J’arrive. Je suis encore tout étourdi de trois nuits de malle-poste, sans compter les jours. Trois nuits à grands coups de fouet, à franc étrier, sans boire, ni manger, ni respirer à peine, avec quatre diablesses de roues qui mangent les lieues vraiment quatre à quatre qu’elles sont. Je t’assure, ma pauvre amie bien-aimée, que la tête est lasse quand, par une aube de vent et de brume, on descend au grand galop dans Brest, sans rien voir que la vitre abaissée sur vos yeux contre la pluie.

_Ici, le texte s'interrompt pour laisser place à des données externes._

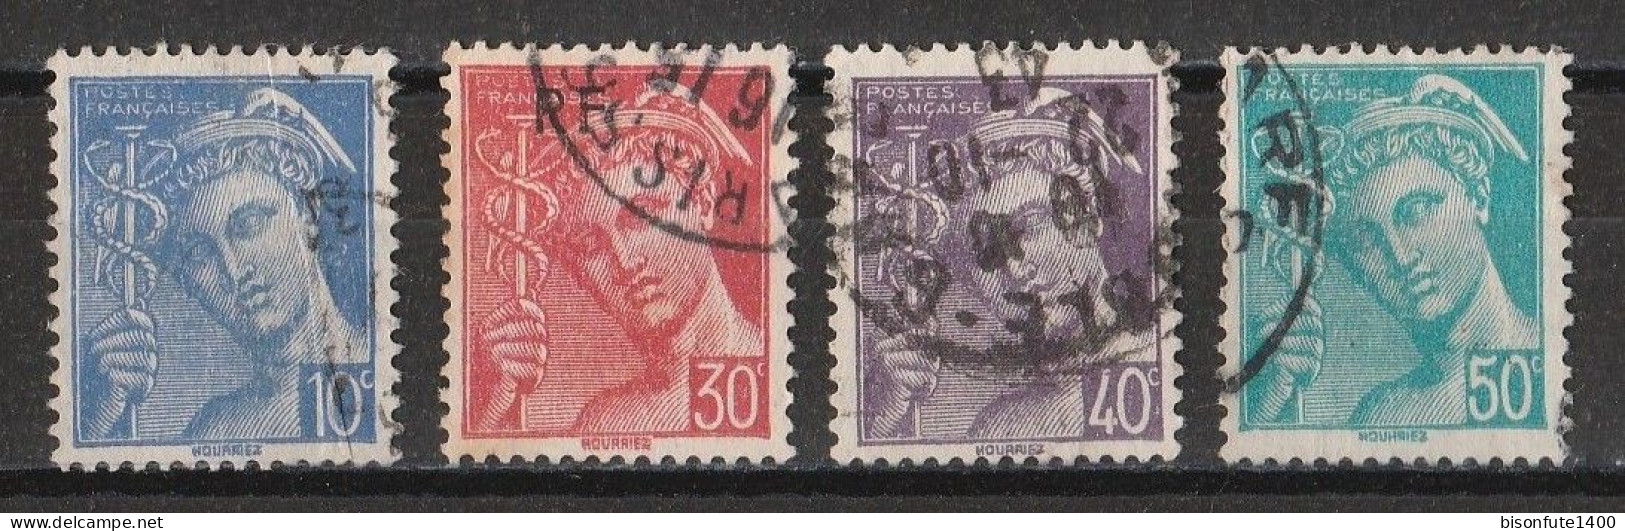 France 1942 : Timbres Yvert & Tellier N° 546 - 547 - 548 - 549 Et 552 Avec Oblitérations Rondes. - Oblitérés

Mais ce qui n’est pas las, ce qui est toujours prêt à t’écrire, à penser à toi et à t’aimer, c’est le cœur de ton pauvre vieux mari qui a été enfant avec toi, quoique tu sois restée bien plus jeune que lui, de cœur, d’âme et de visage.

Je n’ai encore rien vu de Brest. Point de monuments, qu’une grande vilaine église du Louis XV le plus Saint-Sulpice qui soit. Pas de vieilles maisons sculptées. Je crois qu’il faudra se résigner au bagne et aux vaisseaux de ligne.

À Saint-Brieuc, Mlles Bernard m’ont quitté. Elles ont été remplacées dans la malle-poste par un officier de marine, homme distingué, M. Esnonne. Il a une fort jolie femme et deux jolis enfants. Il est fort littéraire, sa femme et ses enfants fort poétiques. Leur poésie et la mienne visiteront le bagne ensemble. M. Esnonne m’y fera entrer sans que j’aie à trahir mon incognito.

Des que j’aurai une minute, je t’écrirai. J’irai sans doute voir Karnac. J’ai déjà mouillé mes pieds dans l’océan.

Comment va mon Toto ? et toi ? et tous ? Écris-moi bien au long. Tu vois et tu sais comme je t’aime.

Mille cordialités aux habitants des Roches.